Le contrat d’assurance-vie qui prévoit une faculté de rachat par le souscripteur ne peut en principe, être qualifié de donation au sens de l’article 894 du Code civil au profit du bénéficiaire, la faculté de rachat étant par définition exclusive d’un dépouillement actuel et irrévocable.
Un tel contrat peut néanmoins être requalifié en donation si les circonstances dans lesquelles son bénéficiaire a été désigné révèlent la volonté du souscripteur de se dépouiller de manière irrévocable (Cour de cassation, chambre mixte, 21 décembre 2007, n°06.12-769).
En outre, l’article L. 132-9 du Code des assurances, pris en son alinéa 1er ,dans sa version applicable au présent litige, dispose que “la stipulation en vertu de laquelle le bénéfice de l’assurance est attribué à un bénéficiaire déterminé devient irrévocable par l’acceptation expresse ou tacite du bénéficiaire.”

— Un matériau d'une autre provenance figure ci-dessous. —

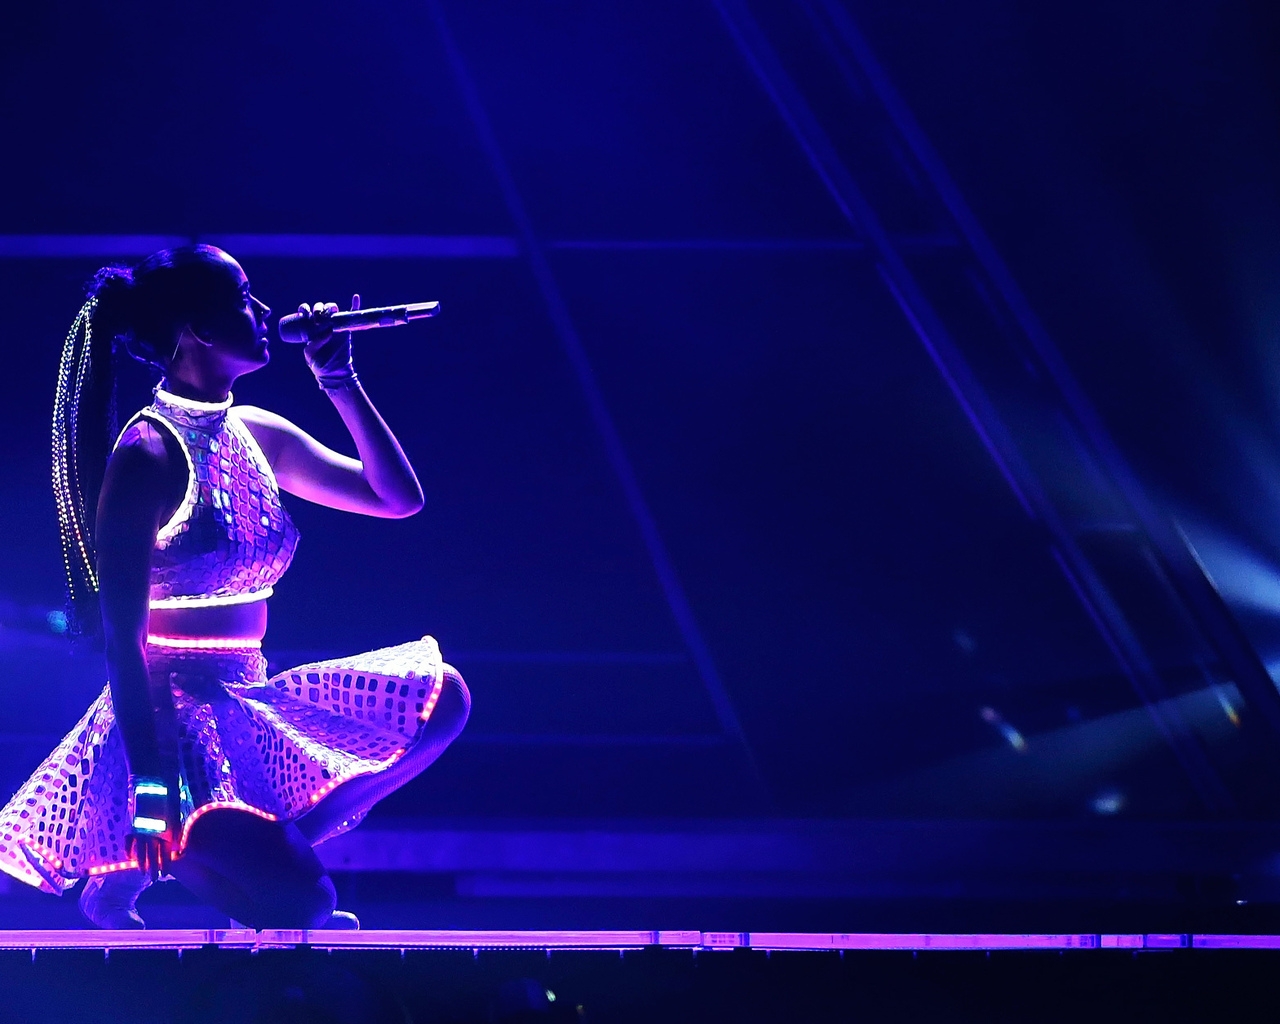 Katy Perry Live Concert for 1280 x 1024 resolution

Les consorts [O] font valoir que la souscription du contrat d’assurance-vie au bénéfice de la commune serait une donation indirecte, pour avoir été animée par une intention libérale, opérant dépouillement irrévocable du donateur, ajoutant que le contrat était dépourvu d’aléa.
La commune conteste la matérialité de ces éléments, de sorte que le contrat ne pourrait être requalifié en donation indirecte.
A. Sur l’intention libérale et le dépouillement irrévocable
En préambule, le tribunal souligne, pour le déplorer, que le contrat d’assurance-vie litigieux n’ait pas été versé aux débats, dont l’examen des stipulations aurait permis d’affiner davantage l’analyse de la situation.
Il reste que les demandeurs soutiennent que la souscription du contrat d’assurance avait pour seul objectif de les déshériter.
En premier lieu, ils invoquent le défaut de caractère aléatoire du contrat, motif pris que celui-ci a été souscrit à l’âge de 65 ans, pour une durée de trente ans et que l’espérance de vie des hommes serait de l’ordre de 80 ans, de sorte que le contrat n’aurait pu bénéficier au souscripteur que pendant une quinzaine d’années, ce de quoi résulterait la démonstration d’une intention libérale.
Ce seul élément statistique ne permet pas toutefois de retenir que le contrat est privé d’aléa. Par ailleurs, il n’était connu aucune maladie au défunt, sauf à considérer l’alcoolisme que semble dénoncer [N] [O], propos qui n’est toutefois pas étayé. Cet argument est donc inopérant.
En second lieu, les demandeurs font valoir une disproportion importante entre le montant des primes versées et les revenus annuels du défunt.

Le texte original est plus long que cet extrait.